**Collection entries:**
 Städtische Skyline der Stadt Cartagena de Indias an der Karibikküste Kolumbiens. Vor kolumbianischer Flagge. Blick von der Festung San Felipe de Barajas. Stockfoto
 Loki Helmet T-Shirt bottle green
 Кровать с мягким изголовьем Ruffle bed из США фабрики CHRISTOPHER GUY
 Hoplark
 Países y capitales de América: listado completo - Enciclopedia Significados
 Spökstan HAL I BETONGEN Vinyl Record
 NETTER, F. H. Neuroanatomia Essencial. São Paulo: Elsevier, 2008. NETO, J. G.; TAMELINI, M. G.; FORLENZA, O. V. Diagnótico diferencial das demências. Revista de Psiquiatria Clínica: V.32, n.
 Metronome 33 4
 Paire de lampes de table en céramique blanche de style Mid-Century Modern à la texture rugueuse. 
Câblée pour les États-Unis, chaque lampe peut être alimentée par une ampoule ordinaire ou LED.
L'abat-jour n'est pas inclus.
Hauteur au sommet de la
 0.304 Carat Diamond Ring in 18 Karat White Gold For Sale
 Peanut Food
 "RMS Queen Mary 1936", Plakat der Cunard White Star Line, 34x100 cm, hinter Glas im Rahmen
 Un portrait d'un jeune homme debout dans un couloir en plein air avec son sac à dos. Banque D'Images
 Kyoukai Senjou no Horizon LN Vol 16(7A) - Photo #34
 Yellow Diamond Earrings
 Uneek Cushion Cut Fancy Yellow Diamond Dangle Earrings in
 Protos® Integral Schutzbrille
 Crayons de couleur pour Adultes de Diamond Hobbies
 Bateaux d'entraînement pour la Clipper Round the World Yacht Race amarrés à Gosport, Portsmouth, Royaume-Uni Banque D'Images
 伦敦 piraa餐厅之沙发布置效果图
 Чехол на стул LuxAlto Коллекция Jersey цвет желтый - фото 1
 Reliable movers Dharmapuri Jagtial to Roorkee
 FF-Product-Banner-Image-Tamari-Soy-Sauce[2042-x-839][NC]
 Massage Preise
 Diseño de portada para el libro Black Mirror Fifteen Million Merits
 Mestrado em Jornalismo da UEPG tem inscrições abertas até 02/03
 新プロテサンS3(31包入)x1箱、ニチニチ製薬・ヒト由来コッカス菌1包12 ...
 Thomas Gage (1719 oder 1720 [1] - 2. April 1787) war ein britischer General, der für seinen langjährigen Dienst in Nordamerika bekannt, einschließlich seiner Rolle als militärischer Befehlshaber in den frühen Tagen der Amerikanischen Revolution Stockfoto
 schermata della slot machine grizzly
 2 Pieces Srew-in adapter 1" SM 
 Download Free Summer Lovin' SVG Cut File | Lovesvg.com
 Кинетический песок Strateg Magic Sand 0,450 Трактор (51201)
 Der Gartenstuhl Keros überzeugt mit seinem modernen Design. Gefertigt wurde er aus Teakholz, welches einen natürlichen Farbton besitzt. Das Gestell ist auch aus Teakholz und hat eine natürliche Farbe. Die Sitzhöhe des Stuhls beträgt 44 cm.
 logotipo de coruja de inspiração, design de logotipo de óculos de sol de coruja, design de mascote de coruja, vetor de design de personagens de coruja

**Task details:** From the records above, copy each line where the word "Images" can be found.

**Exercise response:**
 Un portrait d'un jeune homme debout dans un couloir en plein air avec son sac à dos. Banque D'Images
 Bateaux d'entraînement pour la Clipper Round the World Yacht Race amarrés à Gosport, Portsmouth, Royaume-Uni Banque D'Images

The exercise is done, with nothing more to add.